I am aware that word-aligned members are faster to access than non-word-aligned members. If I was creating an object which was ubiquitous in a real-time system, I might be concerned with the alignment, favouring access-speed over memory-consumption.
On the other hand, if I was programming for an embedded system where memory is limited, I might favour memory-consumption over access-speed.
Knowing the ins out outs of memory alignment helps me make these decisions.
Absolutely. Because the alignment implemented by a given compiler vendor for a given platform may or may not agree with other platforms/compilers. In other words, trying to use this information to your advantage will hurt portability and I suspect maintenance will also become troublesome.
If there is no hard evidence that these things need to be considered, the best bet is to embrace the abstractions that the language supports.
If the intention is to serialize data, consider serializing it more flexibly. Boost.Serialization, for example, can serialize classes portability (in XML by default, I think).

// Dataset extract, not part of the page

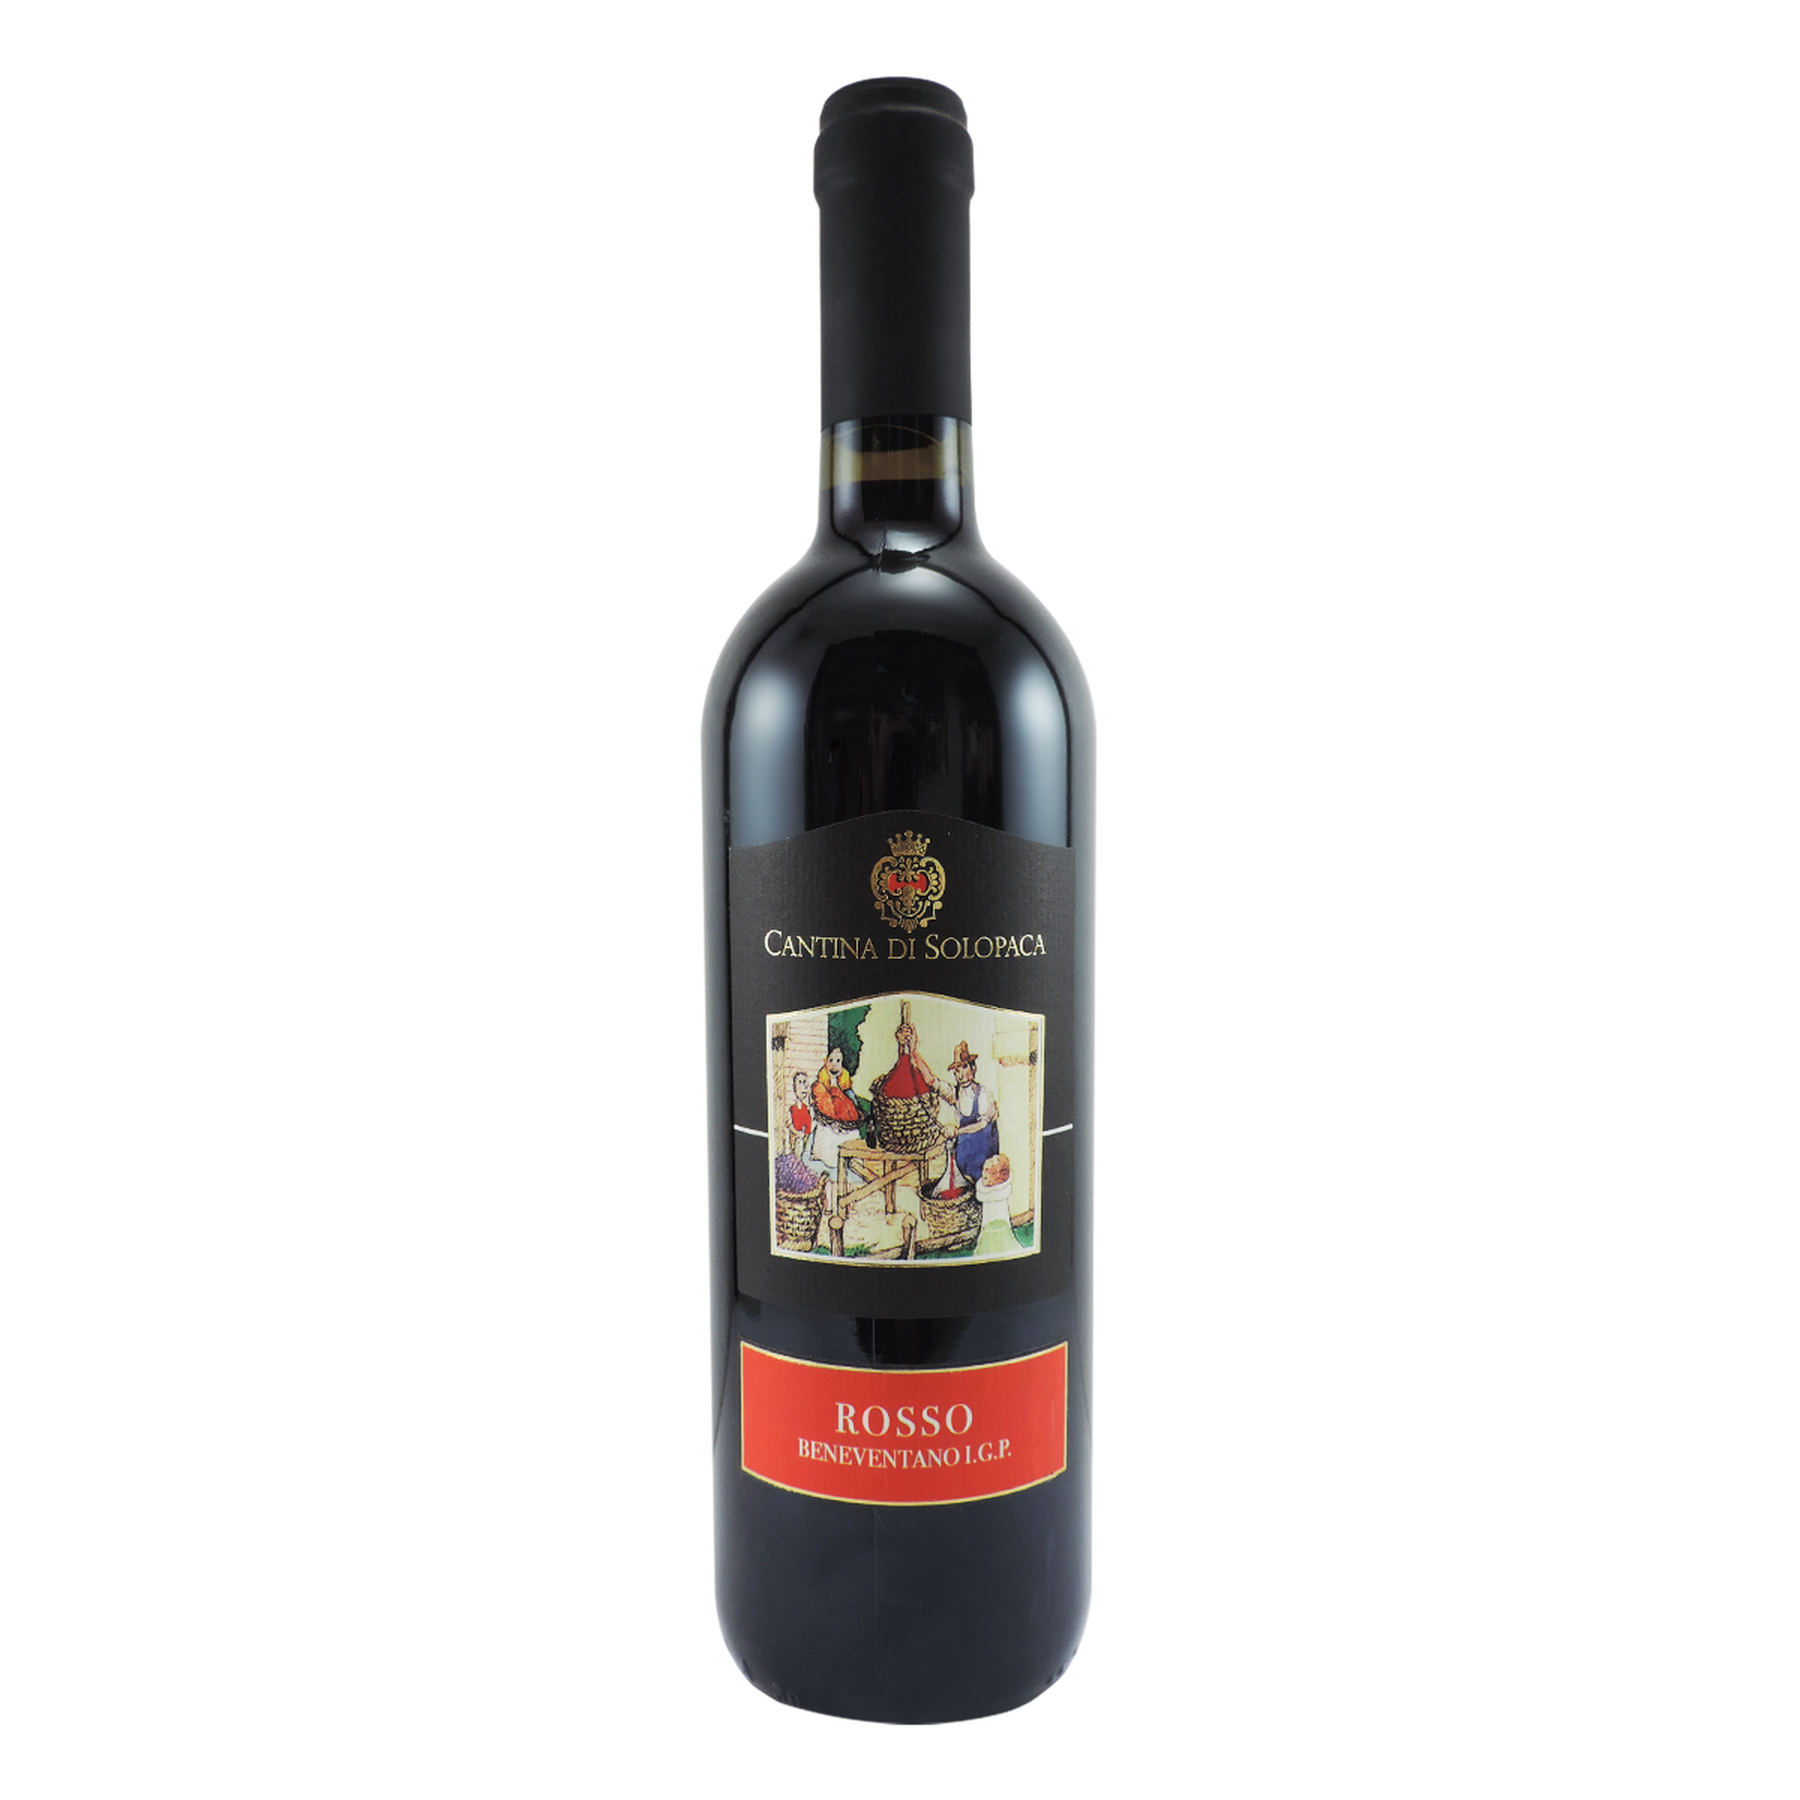 Vinho Tinto Rosso Beneventano I.G.P. Cantina di Solopaca Garrafa 750ml
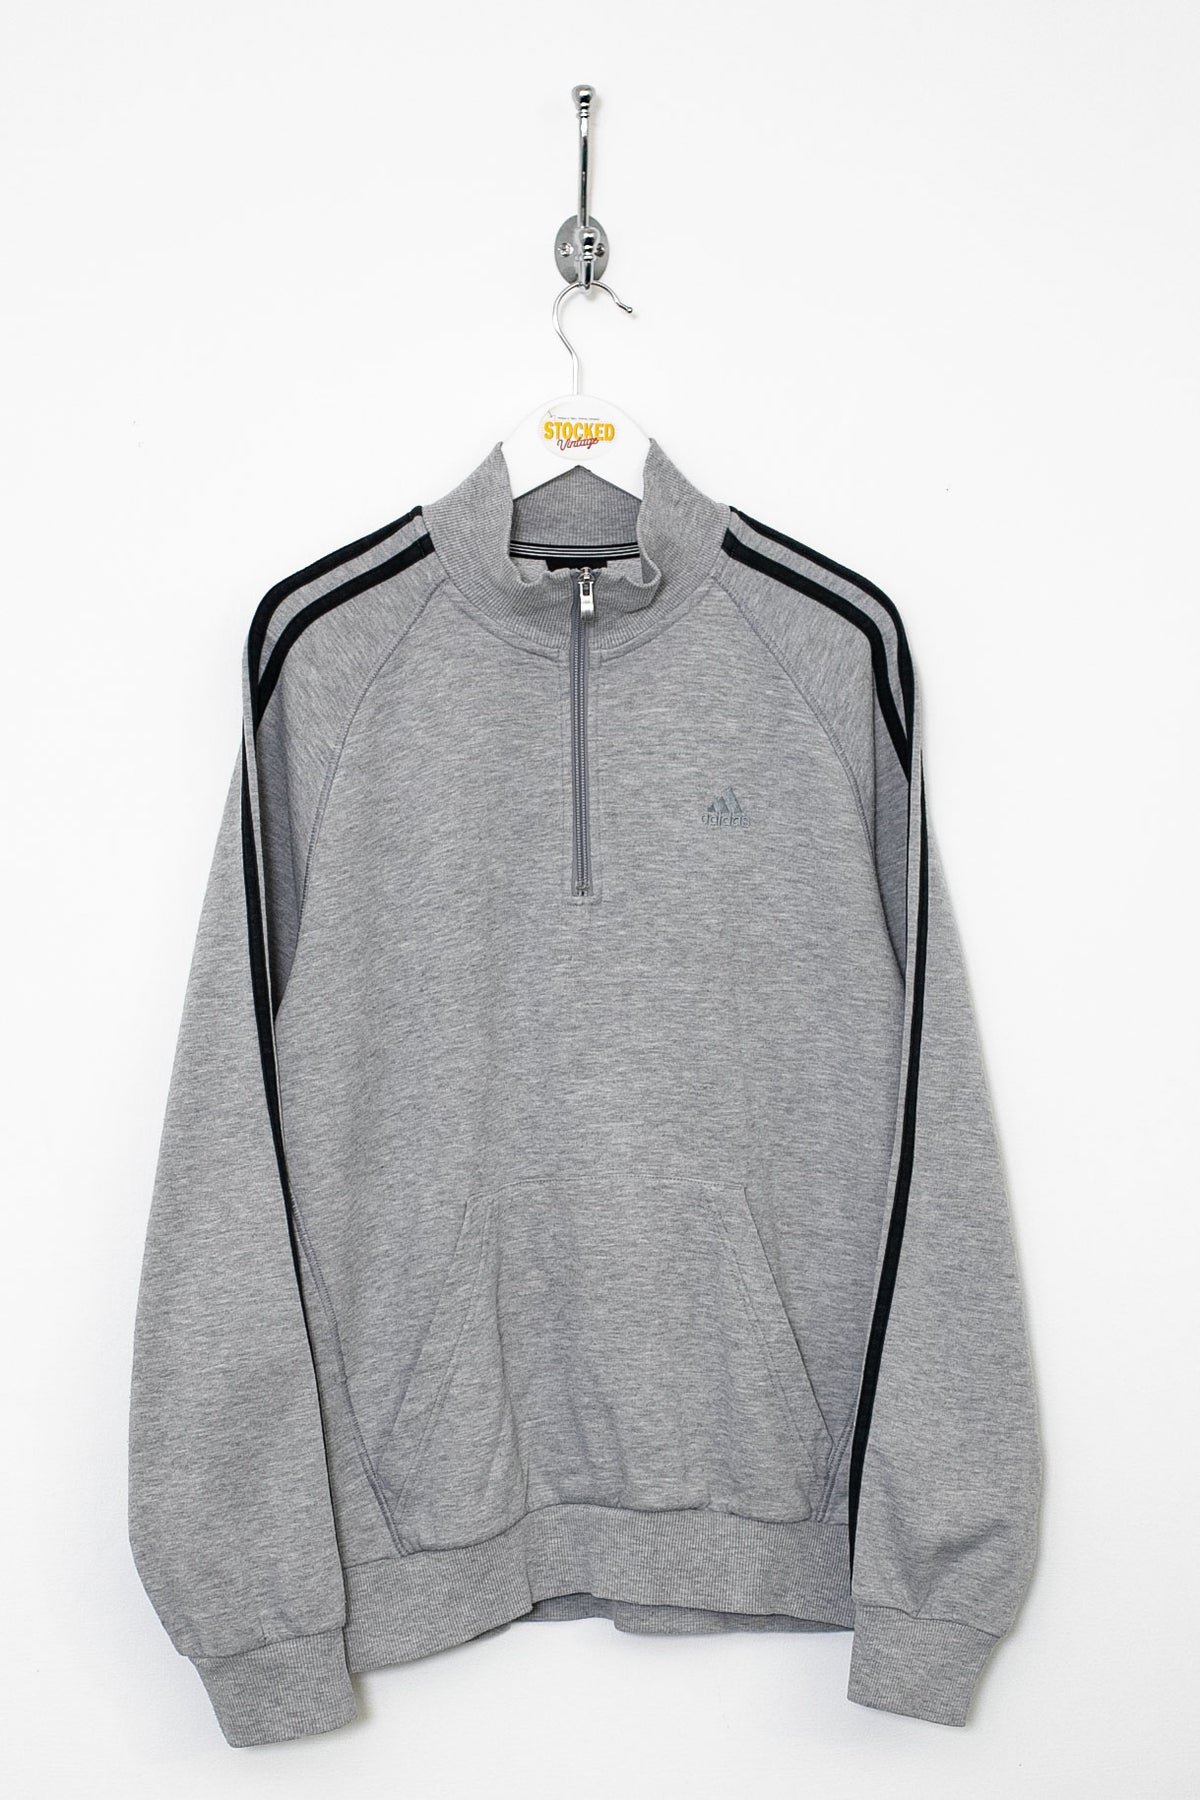 00s Adidas 1/4 Zip Sweatshirt (S)

There are vendor-specific constructors to "pack" structures but I don't recommend them. This is the kind of "cleverness" that many modern C++ texts discourage.
Fair enough, but in the event that I am developing bespoke software for in-house use, and I know the compiler and architecture I'm developing for, I could pose these questions during my design?
Let's say I was designing an in-house market-data system for an investment bank. Millions of prices are received, so I want my structure which represents a price to be fast to access.
How can I use knowledge of how members are aligned to my advantage to optimise my price structure for a given architecture?
Every C compiler I've seen provides a #prama to control alignment. If you need to guarantee alignment, you should use that mechanism. You cannot determine what an implementation may choose as it's default for a given memory model.